JPH02189612A - Output interface device - Google Patents

Abstract

PURPOSE:To previously and optionally program the state of an external output terminal immediately after the rise of a power supply or at the time of occurring power failure by providing the output interface with a switching circuit for alternatively outputting an external output signal from a normal output circuit and an external output signal from an emergency external output circuit to an external output terminal. CONSTITUTION:A data latch circuit 17 and an output transistor (TR) 18 constitute the normal output circuit and the circuit 17 latches output data on a data bus synchronously with the rise of a latch circuit 19. A data latch circuit 21 and an output TR 22 constitute the emergency output circuit and the circuit 21 latches the state of an initial output setting part 23 synchronously with the rise of a reset signal 24. When a relay coil 28 is excited, a signal is outputted from the normal output circuit to the external output terminal 31, and when the coil 28 is deexited, a signal is outputted from the emergency output circuit to the terminal 31. Thereby, the state of the external output terminal 31 can be optionally controlled in accordance with set contents of the setting part 23 immediately after the rise of the power supply, at the time of occurring power failure, or at the time of runaway of the microprocessor.

Description

DETAILED DESCRIPTION OF THE INVENTION [Object of the Invention] (Industrial Application Field) The present invention relates to an improvement of an output interface device suitable for a control computer system and the like.

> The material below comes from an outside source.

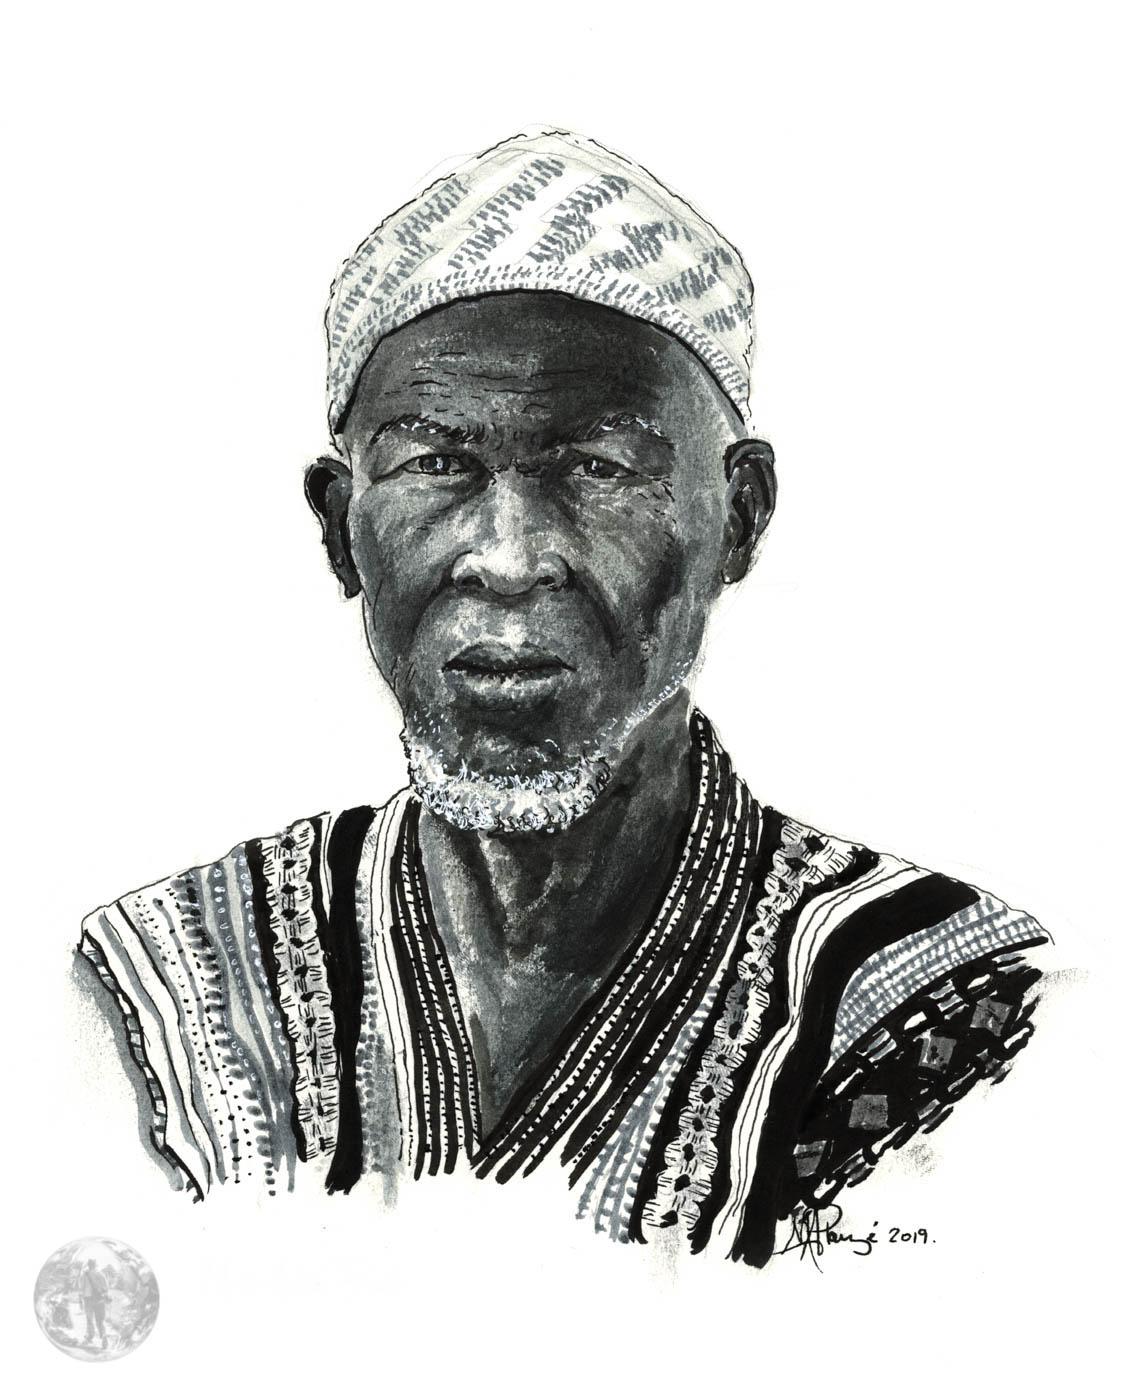 Regard-Jatigiya-Fleuve Niger-Mali-Sahel-

(Prior Art) FIG. 3 is a diagram showing an example of a conventional control computer system.

In this control computer system, -110 processing controllers 1 and a plurality of digital output cards 2 are connected to each other by an M1119 line 3 and an I10 bus 4.

Each digital output card 2 includes an I10 bus interface 21 for connecting with the I10 bus 4, a data latch circuit 22 for latching output data sent from the I10 bus interface 21, and a data latch circuit 22 for latching output data sent from the I10 bus interface 21. An output transistor 23 driven by a signal is provided, and the oven collector output of this output transistor 23 is led out to external output terminals DO+ to Don.

Moreover, FIG. 4 is a diagram showing another example of a conventional control computer system.

This control sieve system is constructed by connecting -110 processing controllers 5 and a plurality of digital output cards 6 to each other via a transmission line 7.

Each digital output card 6 includes a line receiver 10 for receiving serial data taken in from the transmission line 7 and providing it to the transmission control unit 9, and a line receiver 10 for receiving serial data taken in from the transmission line 7 and providing it to the transmission control unit 9, and a line receiver 10 for receiving the serial data taken in from the transmission line 7 and providing it to the transmission control unit 9. A line driver 11 is provided for transmitting the data to.

This digital output card is centrally controlled by a control section including a microprocessor 12 and a memory 13, and the aforementioned transmission control section 9 and data latch circuit 14 are connected to the system bus.

The microprocessor 12 decodes the received data taken in from the transmission control unit 9, reproduces output data, and causes the data latch circuit 14 to latch the output data.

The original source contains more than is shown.